New needs 

A convenience store of a well-known retail brand on Dien Bien Phu street is located in Binh Thanh district, HCM City. The average income of residents in the area with radius of 500 meters is VND7-10 million a month. The convenience store serves 15 percent of consumers with these incomes. However, the approach to the clients with higher incomes remains modest.

Binh Thanh is a district which has many convenience stores bearing different brands, so the competition is stiff. What the retail chains need to do is occupy locations where the purchasing power is good around Dien Bien Phu street.

The manager of the retail chain said with thousands of sale points and nearly 1,000 sale points opening each year he cannot make decisions on where to open new stores based on just his feelings. He needs support from high technology.

Part of the technological know-how is a map showing potential customers, demands and shopping behaviors. 

With Big Data and AI, the Vietnamese market is divided into 100m x 100m squares.  The system calculates local people’s income, purchasing power and designs products that should be sold in each square. There are about 33 million squares of this type with tens of criteria updated and analyzed to help retailers made reasonable decisions.

This map helps retail chains to arrange “chessmen on the chessboard” in a reasonable way and approach clients they target. 

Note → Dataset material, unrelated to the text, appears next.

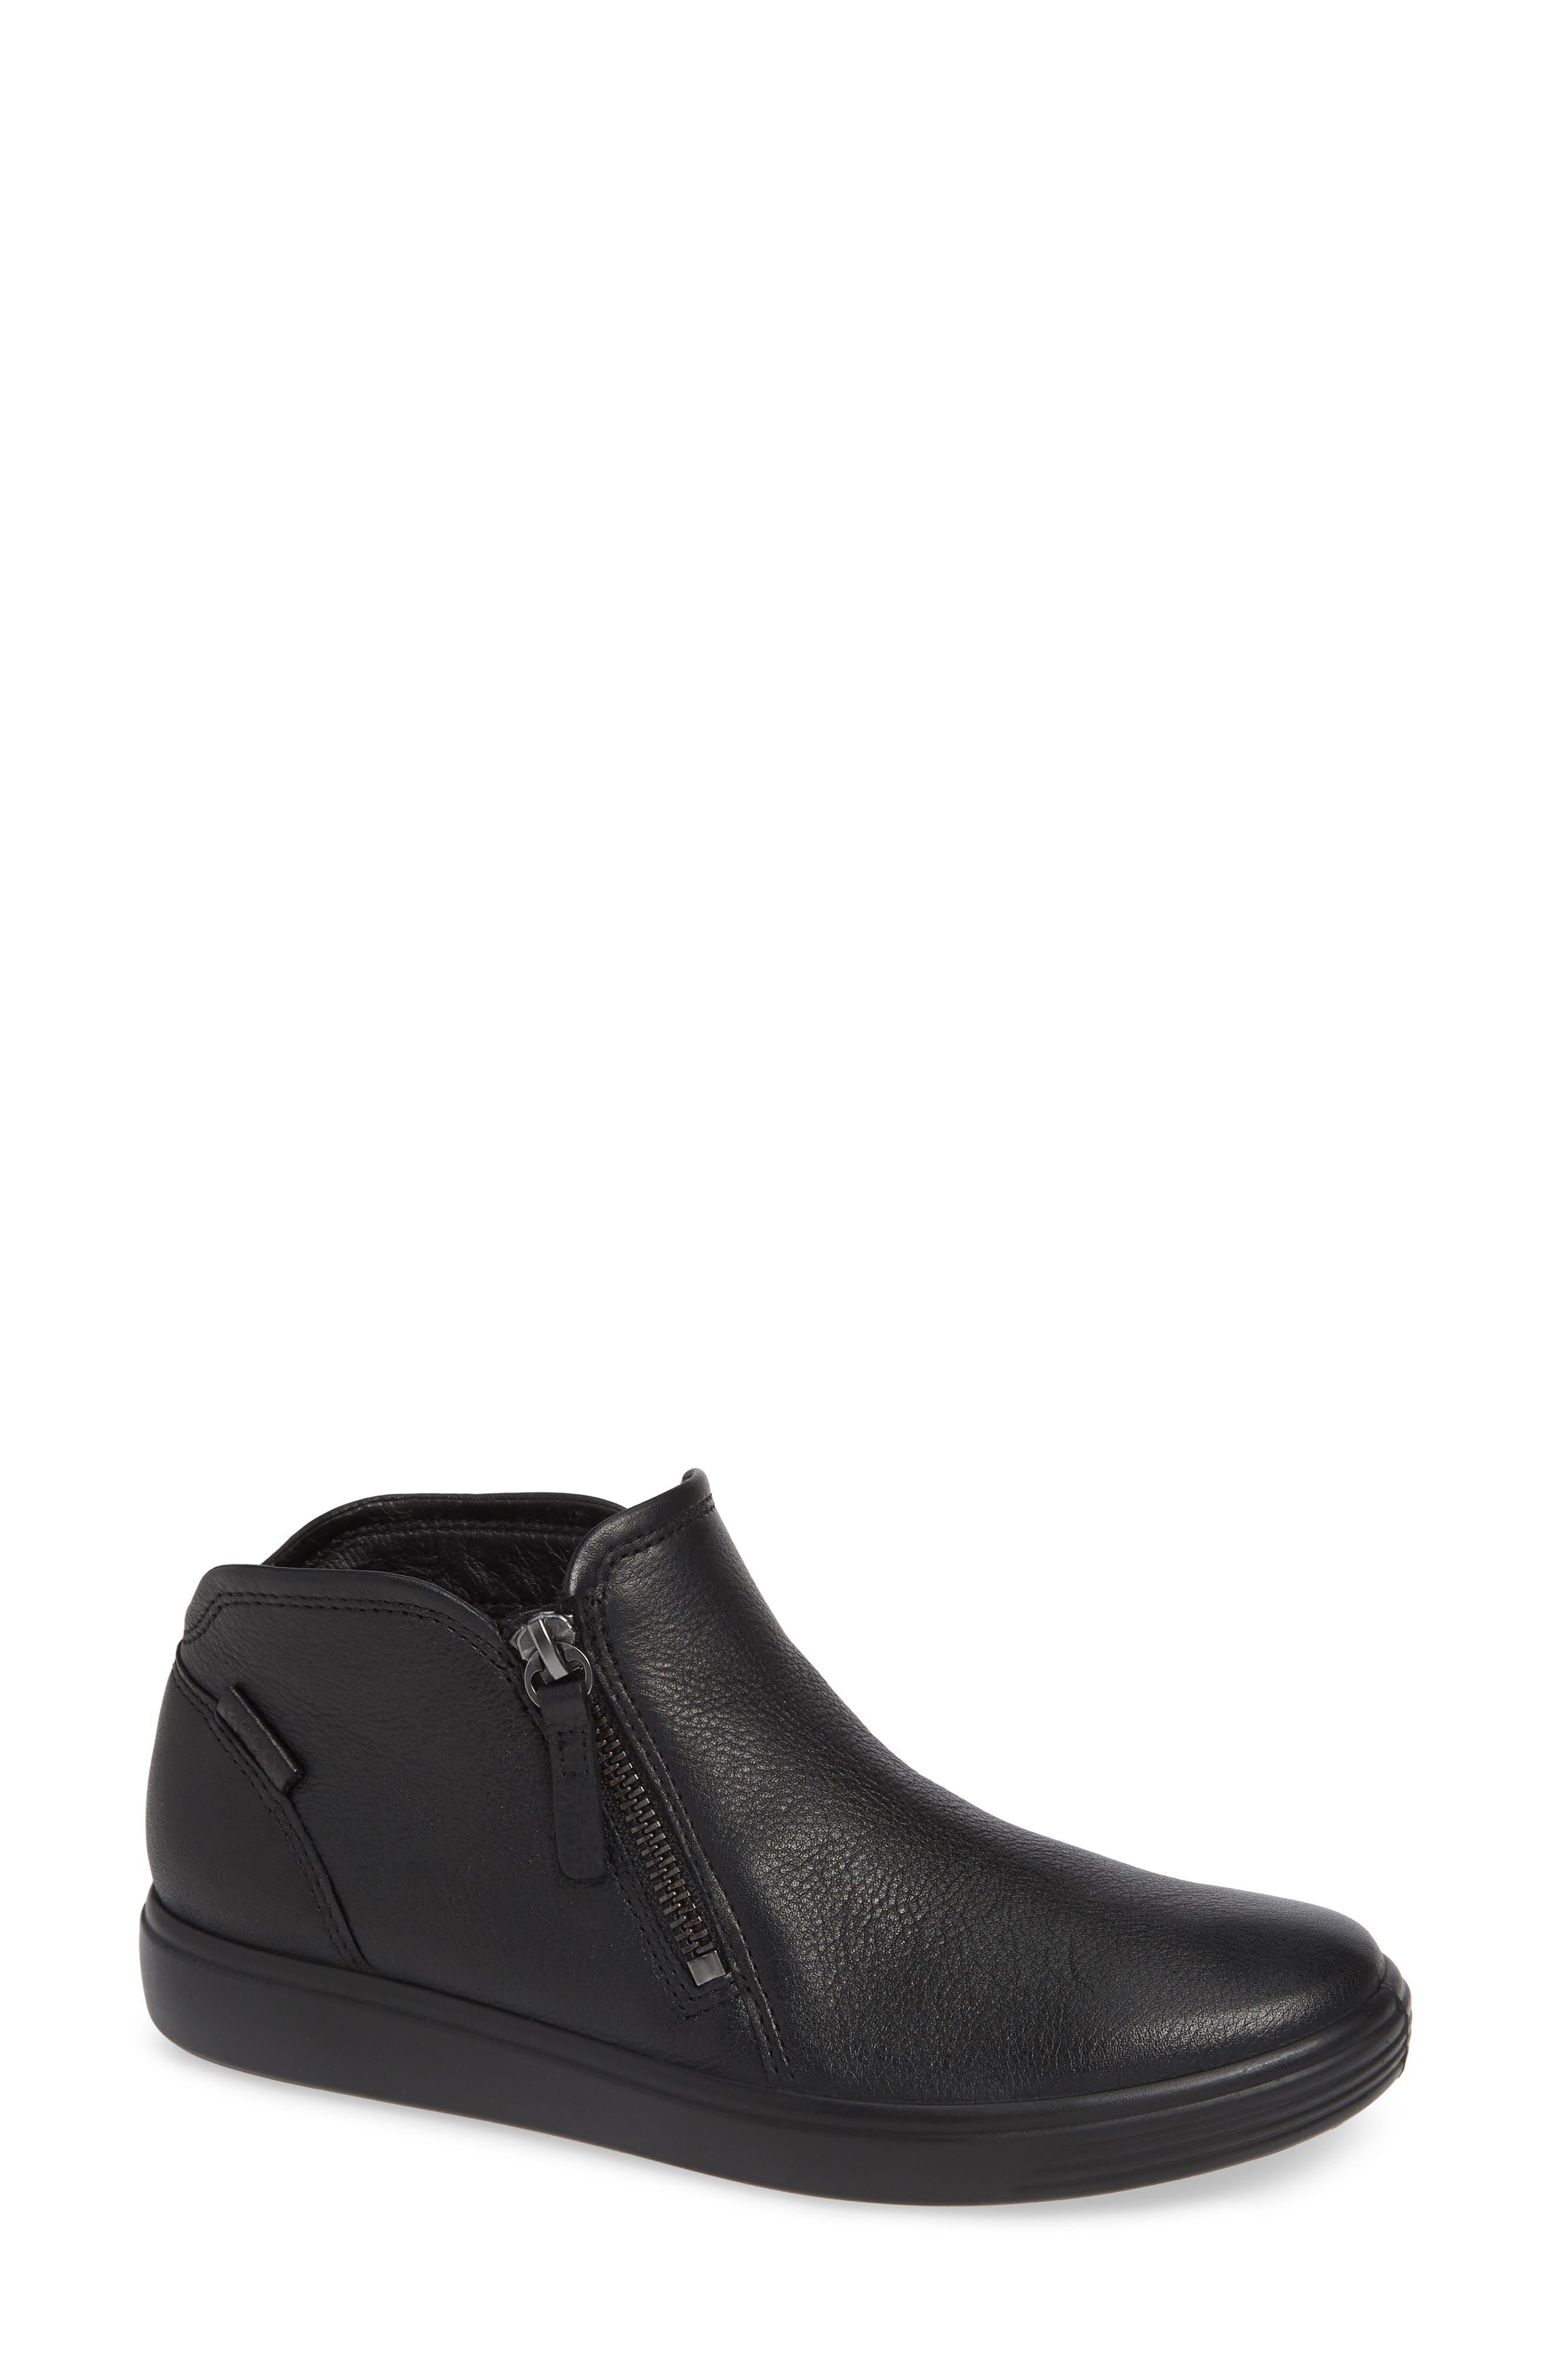 ECCO, Soft 7 Mid Top Sneaker, Main thumbnail 1, color, BLACK/ BLACK LEATHER

With a ‘handshake’ worth $65 million with the Masan Group, Nguyen An Nguyen, CEO of Trusting Social, hopes that in the second half of 2022, the success ratio in opening convenience store will rise from 60 percent currently to 90 percent or higher thanks to the application of the AI retail map.

The CEO of Masan Consumer said that when developing networks, retail chains need to expand retail stores quickly and effectively. And technology will help make the right decisions.

Ta Quang Huy, CEO of Hanwha Techwin Vietnam at a recent workshop related the story about a cosmetics chain which gains success thanks to the use of an AI camera system.

The cameras helped find out who bought products at ‘A’ stall, how old the buyers were and what the differences between the clients of ‘A’ and ‘B’ stalls were. Therefore, the cosmetics chain rearranged their stalls to fit specific groups of clients and changed the decorations to fit shopping behaviors of each group of clients. 

And the chain has succeeded. It is now present in four largest cities of Vietnam, including HCM City, Da Nang, Hanoi and Hai Phong.

Digitizing multi-billion-dollar ecosystems

In 2014, VNG was valued at $1 billion by World Startup Report and became the first unicorn startup in Vietnam. Though the company was established as a game franchising company, VNG today is known best for its Zalo messaging app and the other investments in e-commerce, games and payment platforms.

The companies like VNG, Grab and SEA (the holding company of Shopee) and One Mount Group are ecosystem players. 

In Vietnam, there are more and more industries which converge to create new, broader and more dynamic links to form digital ecosystems - a set of interconnected services for customers, provide an integrated experience.

There are many ecosystems co-existing in the fields of retail, communications, telecommunications, finance and transport services. The ecosystems have been expanding rapidly with millions of users connected on many different platforms.

According to McKinsey, there would be 12 large ecosystems across retail and institutional services in Vietnam by 2025 with the total revenue of $100 billion.

Masan Group is digitizing all its platforms, from production, retail, supply chain to finance services and using Big Data, AI and machine learning throughout the platforms.  It hopes that the ‘Consumer of Things’ plan will help the group cut down 10 percent of operation cost, while consumers would buy essentials at the prices lower by 5-10 percent.

Masan Group’s chair Nguyen Dang Quang said AI will be the driving force for transformation.

“AI and Machine Learning are the only way to satisfy consumers’ needs through both offline and online platforms,” Quang said.